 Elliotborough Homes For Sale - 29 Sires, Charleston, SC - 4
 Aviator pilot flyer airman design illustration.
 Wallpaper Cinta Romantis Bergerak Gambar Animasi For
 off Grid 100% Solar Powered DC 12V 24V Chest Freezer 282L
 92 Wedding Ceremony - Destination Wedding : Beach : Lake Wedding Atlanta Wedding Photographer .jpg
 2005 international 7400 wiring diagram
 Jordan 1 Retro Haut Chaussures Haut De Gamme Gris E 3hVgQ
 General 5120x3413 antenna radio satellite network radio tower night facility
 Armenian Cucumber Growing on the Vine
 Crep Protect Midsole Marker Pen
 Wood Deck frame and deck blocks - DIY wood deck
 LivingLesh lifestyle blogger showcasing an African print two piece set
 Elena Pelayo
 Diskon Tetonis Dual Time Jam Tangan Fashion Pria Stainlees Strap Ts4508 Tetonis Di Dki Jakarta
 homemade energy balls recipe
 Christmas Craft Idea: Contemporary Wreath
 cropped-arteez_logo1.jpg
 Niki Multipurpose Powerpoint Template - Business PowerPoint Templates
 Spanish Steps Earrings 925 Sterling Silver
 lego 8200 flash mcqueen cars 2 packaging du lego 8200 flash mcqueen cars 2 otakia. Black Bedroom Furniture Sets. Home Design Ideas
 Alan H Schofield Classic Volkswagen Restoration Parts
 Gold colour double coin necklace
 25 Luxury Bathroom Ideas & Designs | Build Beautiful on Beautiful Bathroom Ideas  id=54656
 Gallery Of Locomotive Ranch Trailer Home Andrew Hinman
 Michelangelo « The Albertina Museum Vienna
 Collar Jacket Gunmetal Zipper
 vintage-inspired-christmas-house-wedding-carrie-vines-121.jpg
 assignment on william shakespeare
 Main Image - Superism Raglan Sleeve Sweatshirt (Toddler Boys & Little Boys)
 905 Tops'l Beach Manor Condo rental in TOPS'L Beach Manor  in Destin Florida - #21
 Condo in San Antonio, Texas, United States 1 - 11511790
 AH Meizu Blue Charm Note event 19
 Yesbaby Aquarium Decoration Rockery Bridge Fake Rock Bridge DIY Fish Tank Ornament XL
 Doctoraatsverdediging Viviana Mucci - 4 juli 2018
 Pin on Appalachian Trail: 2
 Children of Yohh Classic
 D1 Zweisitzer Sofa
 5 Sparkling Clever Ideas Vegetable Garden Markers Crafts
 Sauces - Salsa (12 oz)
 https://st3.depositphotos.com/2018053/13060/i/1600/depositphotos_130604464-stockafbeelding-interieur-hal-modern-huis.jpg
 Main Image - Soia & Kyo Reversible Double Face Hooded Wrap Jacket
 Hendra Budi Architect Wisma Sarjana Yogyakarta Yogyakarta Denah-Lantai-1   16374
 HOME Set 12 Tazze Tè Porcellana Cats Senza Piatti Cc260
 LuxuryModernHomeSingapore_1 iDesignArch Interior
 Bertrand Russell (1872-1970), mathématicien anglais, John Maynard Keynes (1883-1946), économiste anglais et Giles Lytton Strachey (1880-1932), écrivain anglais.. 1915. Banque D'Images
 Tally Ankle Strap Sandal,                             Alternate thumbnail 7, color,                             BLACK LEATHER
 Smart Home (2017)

§ §

- **TASK PROMPT**
Copy every line above that holds the word "Ideas".

- **SOLUTION TO THIS EXERCISE**
 lego 8200 flash mcqueen cars 2 packaging du lego 8200 flash mcqueen cars 2 otakia. Black Bedroom Furniture Sets. Home Design Ideas
 25 Luxury Bathroom Ideas & Designs | Build Beautiful on Beautiful Bathroom Ideas  id=54656
 5 Sparkling Clever Ideas Vegetable Garden Markers Crafts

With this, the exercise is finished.